I don't think that there's an upper bound on this. You can reformulate this as $\frac{d^ny}{dx^n} = y$ which can be rearranged to give $\frac{d^ny}{dx^n} - y = 0$. To solve such a differential equation, solve the characteristic equation $\lambda^n - 1 = 0$, but note that smaller loops also satisfy this equation, but there is a solution that achieves a loop of size $n$. To see this, notice that $\lambda = 1$ always satisfies this and this corresponds to $e^x$. The other solutions are the $n$'th roots of unity. Take the smallest such root i.e. $e^\frac{2\pi i}{n}$ and raise it to the $x$'th power i.e. $f(x) = e^\frac{2\pi ix}{n}$. This solution will satisfy the equation.

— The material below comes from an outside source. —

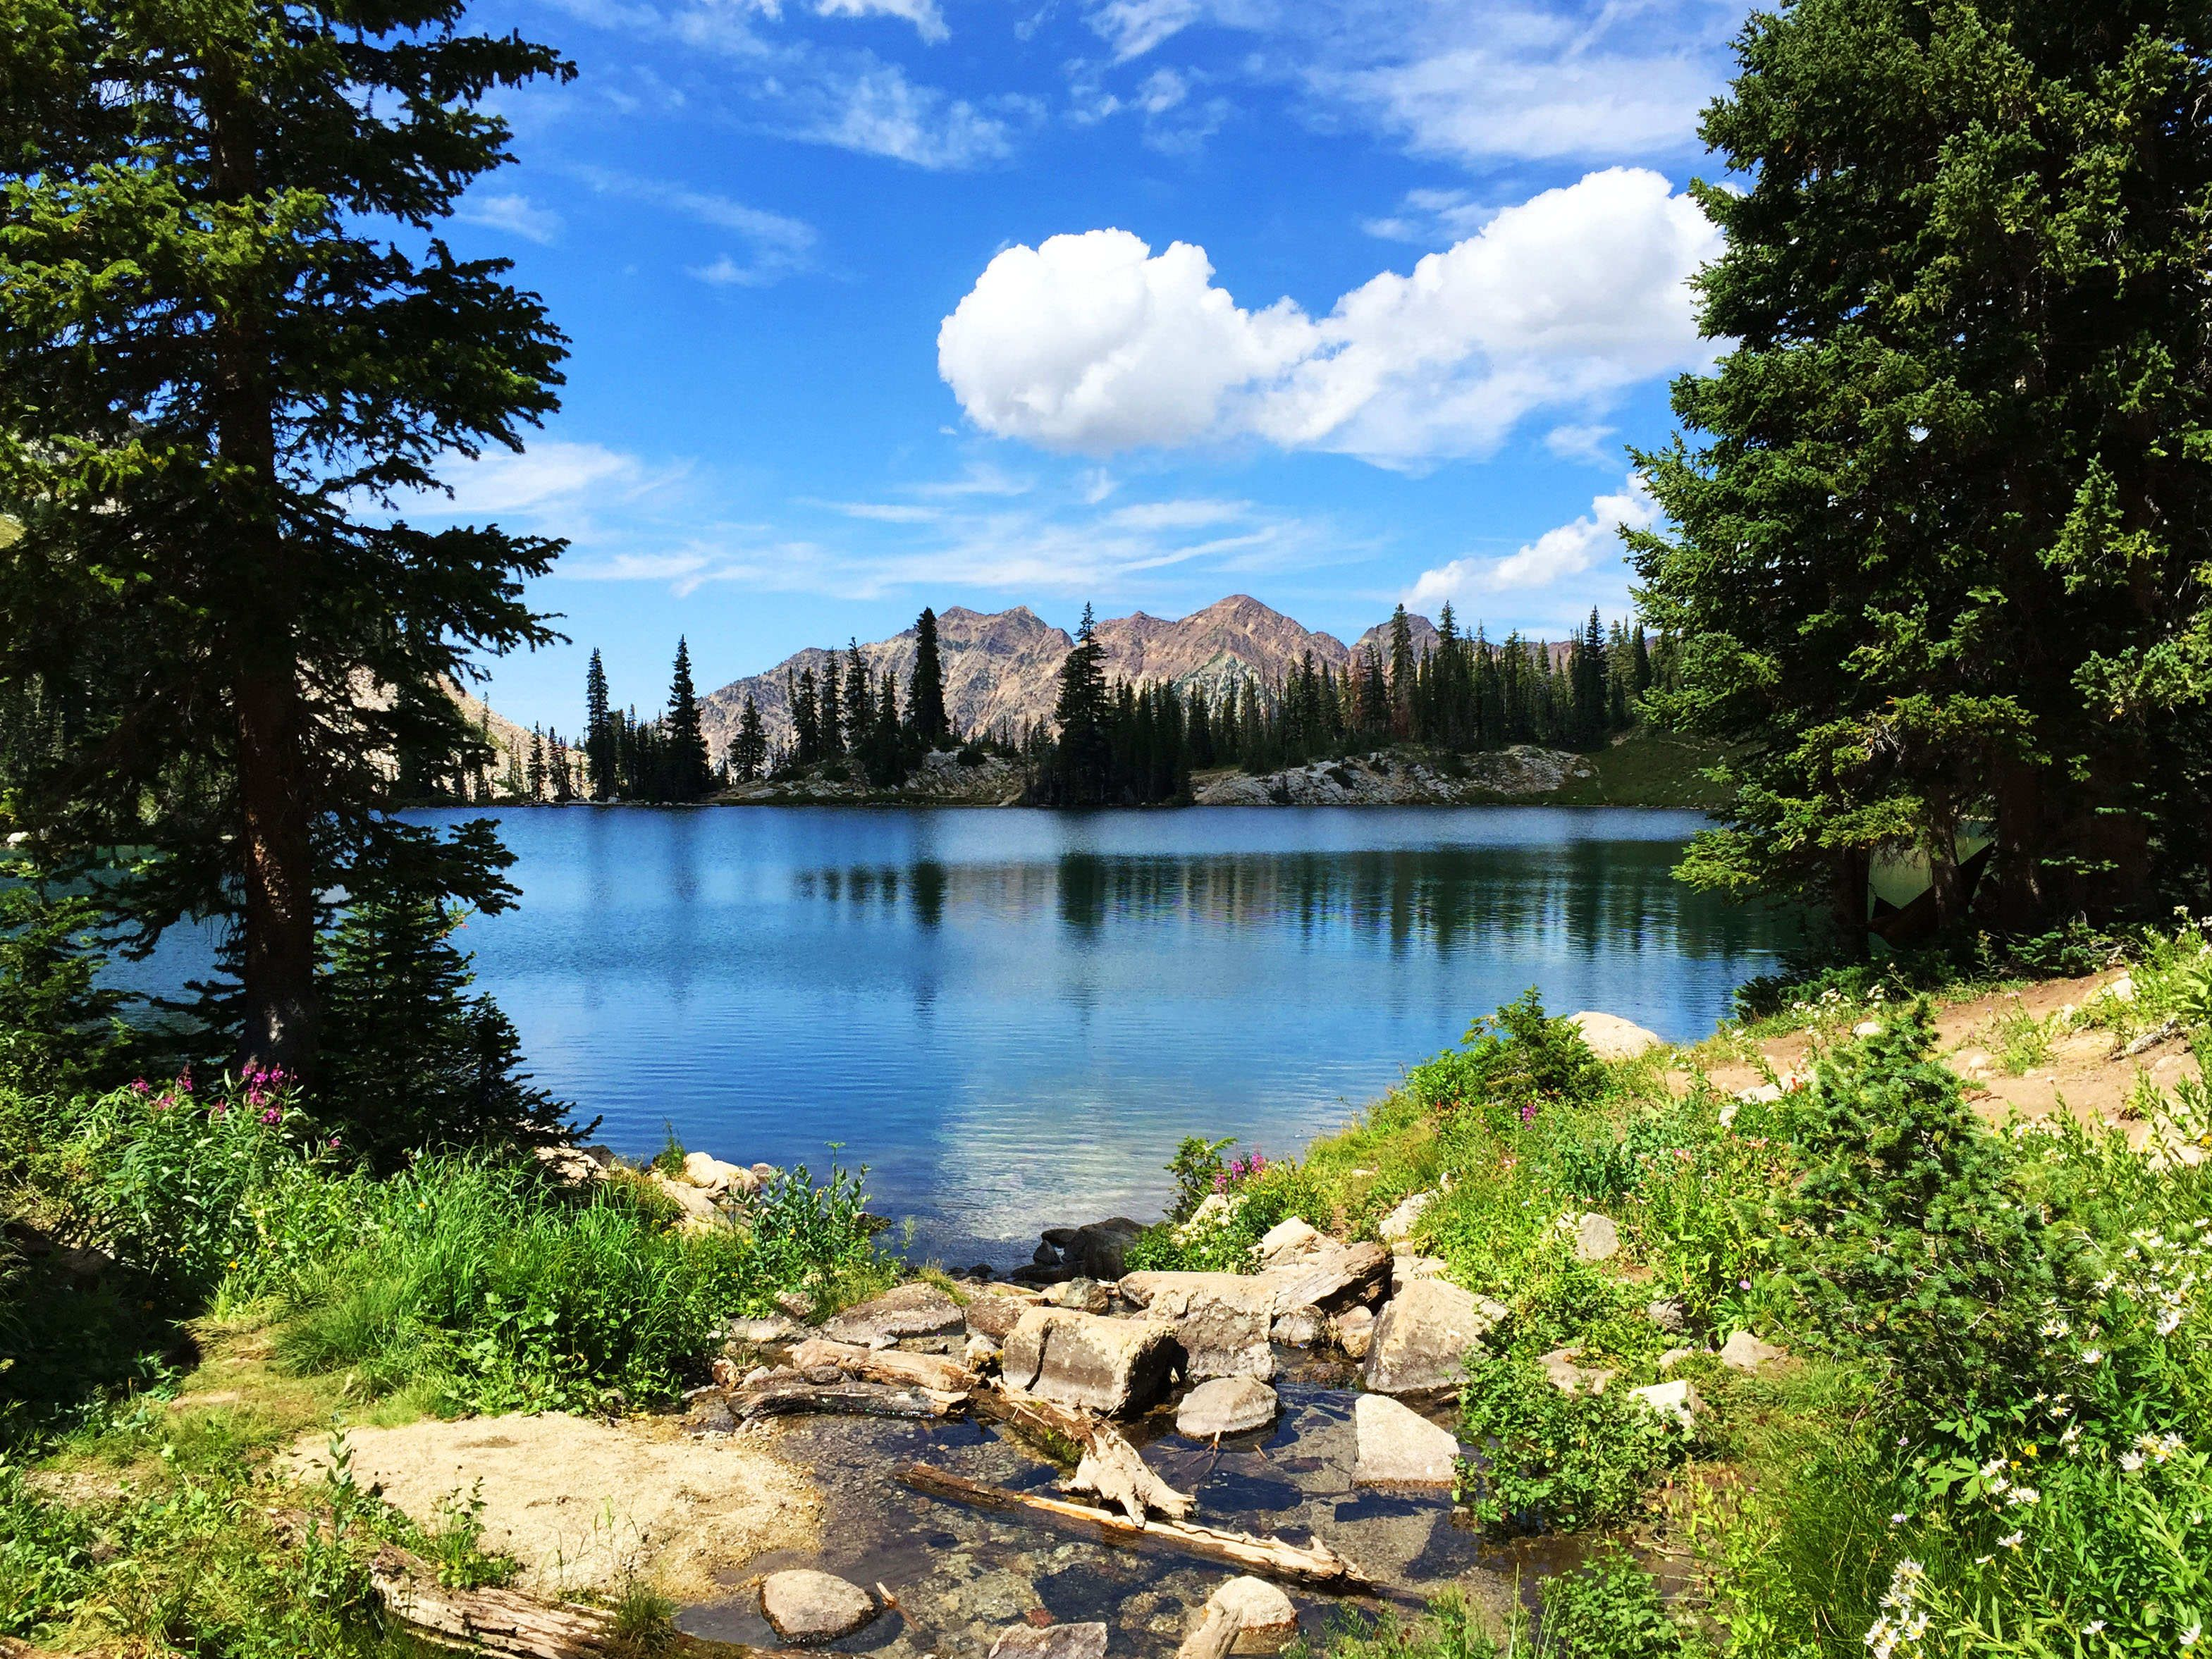 Red Pine Lake Is One Of Utah S Prettiest High Alpine Lakes Near Salt Lake City Its Turquoise Water Rests At The F Utah Travel Utah Camping Salt Lake City Utah

If you want a realvalued function that can be expressed in terms of elementary functions you can take the real part of Mikhail Katz' example: Let $\alpha:={2\pi\over n}$, and put
$$f(x):={\rm Re}\bigl(e^{e^{i\alpha}\,x}\bigr)=e^{\cos\alpha\>x}\>\cos\bigl(\sin\alpha\>x\bigr)\ .$$ Note that the rule ${\displaystyle{d\over dx}e^{\lambda x}=\lambda e^{\lambda x}}$ is also valid for complex $\lambda$. It follows that $$ {d^n\over dx^n}e^{\lambda x}=\lambda^n e^{\lambda x}\ .$$ When $\lambda=e^{i\alpha}$ then $\lambda^n=e^{i\cdot2\pi}=1$, hence $x\mapsto e^{\lambda x}$ "cycles" under $D$ with period $n$, and so does its real part.